Quantum circuits and measurements

To me, this was the best part of the chapter because I was actually able to see the results of applying these gates. Applying a series of gates is called a quantum circuit. For example, the following circuit HP(π/3) XRY(2π/3) is executed from right to left:

s = init_state()
transform(s, ry(2*pi/3))
transform(s, x)
transform(s, phase(pi/3))
transform(s, h)
# Generates the following output:
# Quantum Circuit HP(π/3) XRY(2π/3) ---

# Initial state:
# [0, 1, 0.0, 1, 1]
# [1, 0, 0.0, 0, 0]

# Ry gate:
# [0, 0.5, 0.0, 0.5, 0.25]
# [1, 0.86603, 0.0, 0.86603, 0.75] 

# X gate:
# [0, 0.86603, 0.0, 0.86603, 0.75]
# [1, 0.5, 0.0, 0.5, 0.25]

# phase gate:
# [0, 0.86603, 0.0, 0.86603, 0.75]
# [1, 0.43301j, 60.0, 0.5, 0.25]

# H gate and final state:
# [0, (1+0.30619j), 21.20602, 0.84647, 0.71651]
# [1, -0.30619j, -35.10391, 0.53244, 0.28349]
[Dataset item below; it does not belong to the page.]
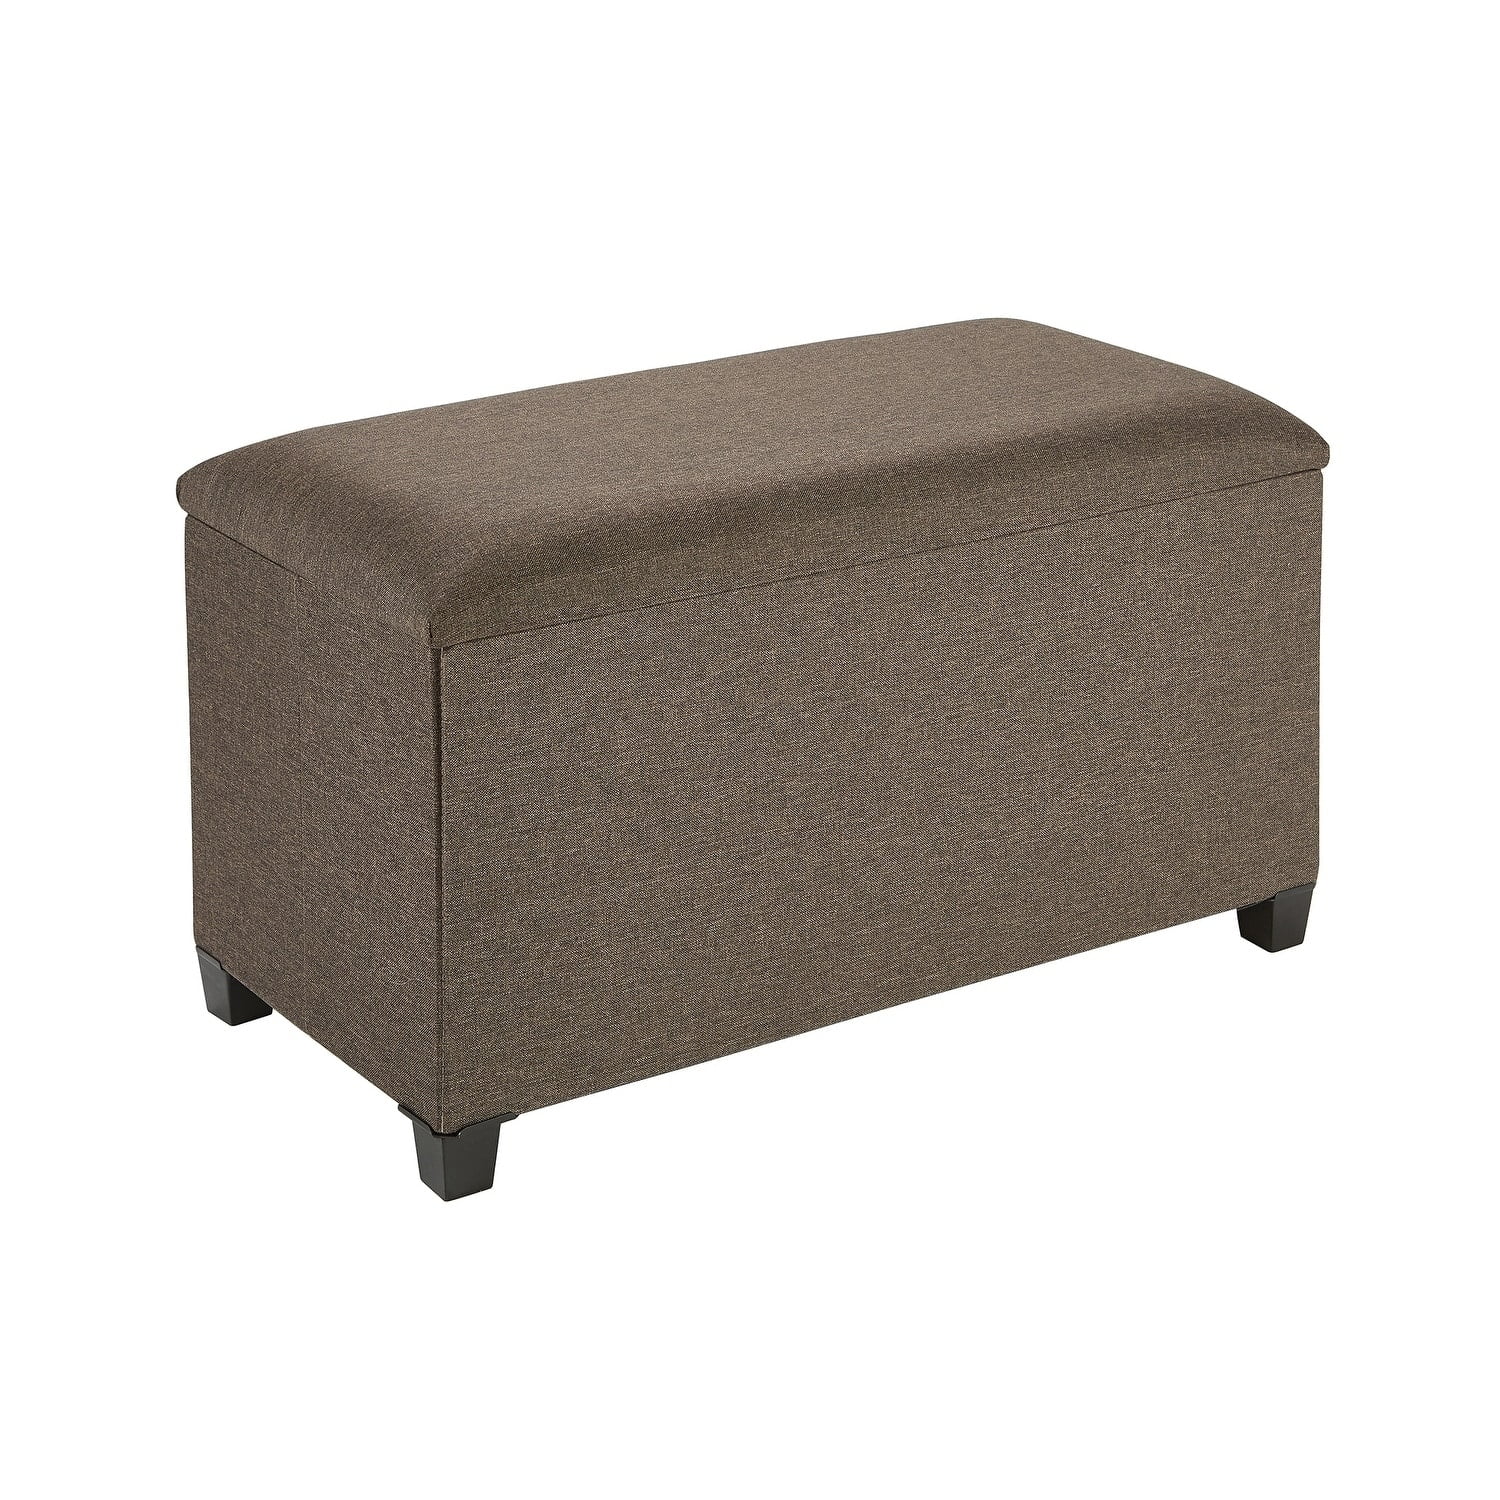 Brown Microsuede Fabric Easy Transformation for Extra Storage Fresh Home Elements FHE 30” Folding Ottoman Bench Seating and Foot Rest Guests 30 x 15 x 15 Family
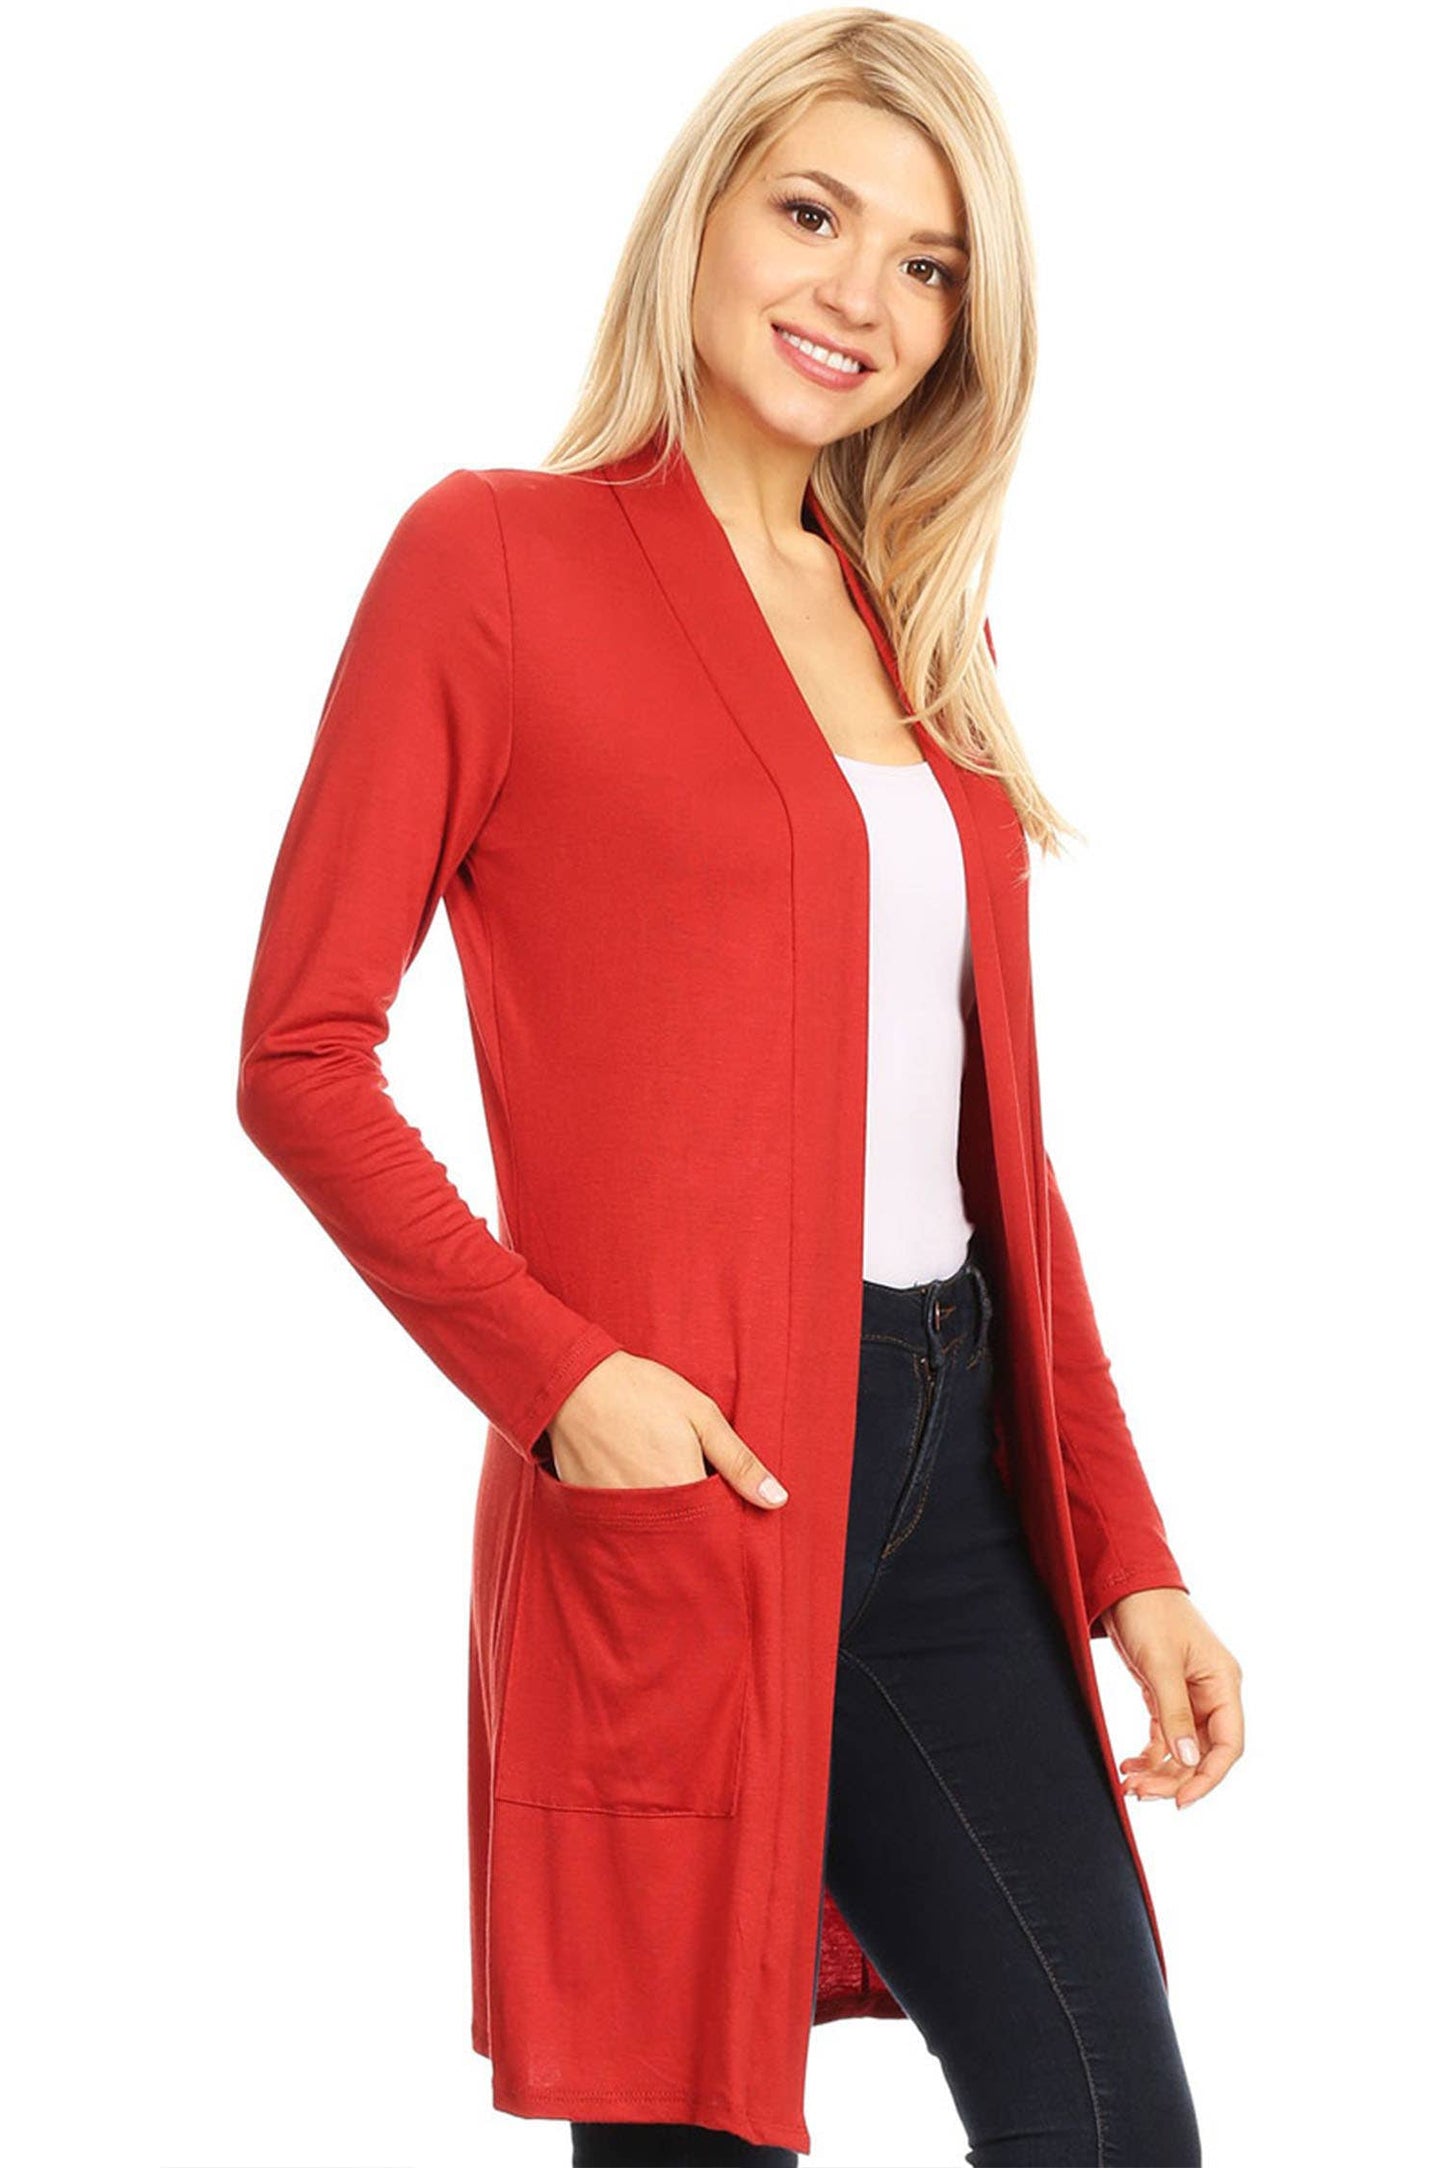 Women's Long Sleeves Side Pockets Solid Cardigan (Open Pack): Small / Plum

From this final state, we can run measurements on a quantum state using choices from the random python package. This will generate a sample of data of k number of measurements. Our final states' probabilities after the applied circuit were approximately 71% for 0 and 29% for 1. So if we run 10 measurements, we should expect to see a similar distribution. The quantum measurement is non-deterministic which means each run we will get a different output.

# 10 measurements
samples = choices(range(len(s)), [abs(s[k])**2 for k in range(len(s))], k=10)
print(samples)
for (k, v) in Counter(samples).items():
    print(str(k) + ' -> ' + str(v))

# Generates the following output
# [0, 0, 0, 1, 0, 1, 0, 0, 0, 0]
# 0 -> 8
# 1 -> 2

# 1000 measurements
samples = choices(range(len(s)), [abs(s[k])**2 for k in range(len(s))], k=1000)
for (k, v) in Counter(samples).items():
    print(str(k) + ' -> ' + str(v))

# Produces output
# 0 -> 739
# 1 -> 261

The final part of this chapter applies quantum circuits in order to get a certain probability of distribution. The book uses Bernoulli distribution as an example. If we want the probabilty of outcome 0 to be p = 0.7 (which means outcome 1 will be p=1-0.7), we would first find θ using theta = 2*acos(sqrt(p)) then applying the Ry gate Ry(theta) to our initial state.

p = 0.7
theta = 2*acos(sqrt(p))
s = init_state()
transform(s, ry(theta))
print_state(s)

# Generates output
# [0, 0.83666, 0.0, 0.83666, 0.7]
# [1, 0.54772, 0.0, 0.54772, 0.3]

Key takeaways

This chapter gave me my first taste in actually creating a quantum system using quantum circuits and simulating a series of measurements. The actual mathematics behind the gates were confusing and a bit beyond my current skill level, but getting to visually see the changing state and how the probabilities get shifted according to certain inputs was practical and gets me excited for the following chapters. Chapter 4 will explore circuits with additional qubits.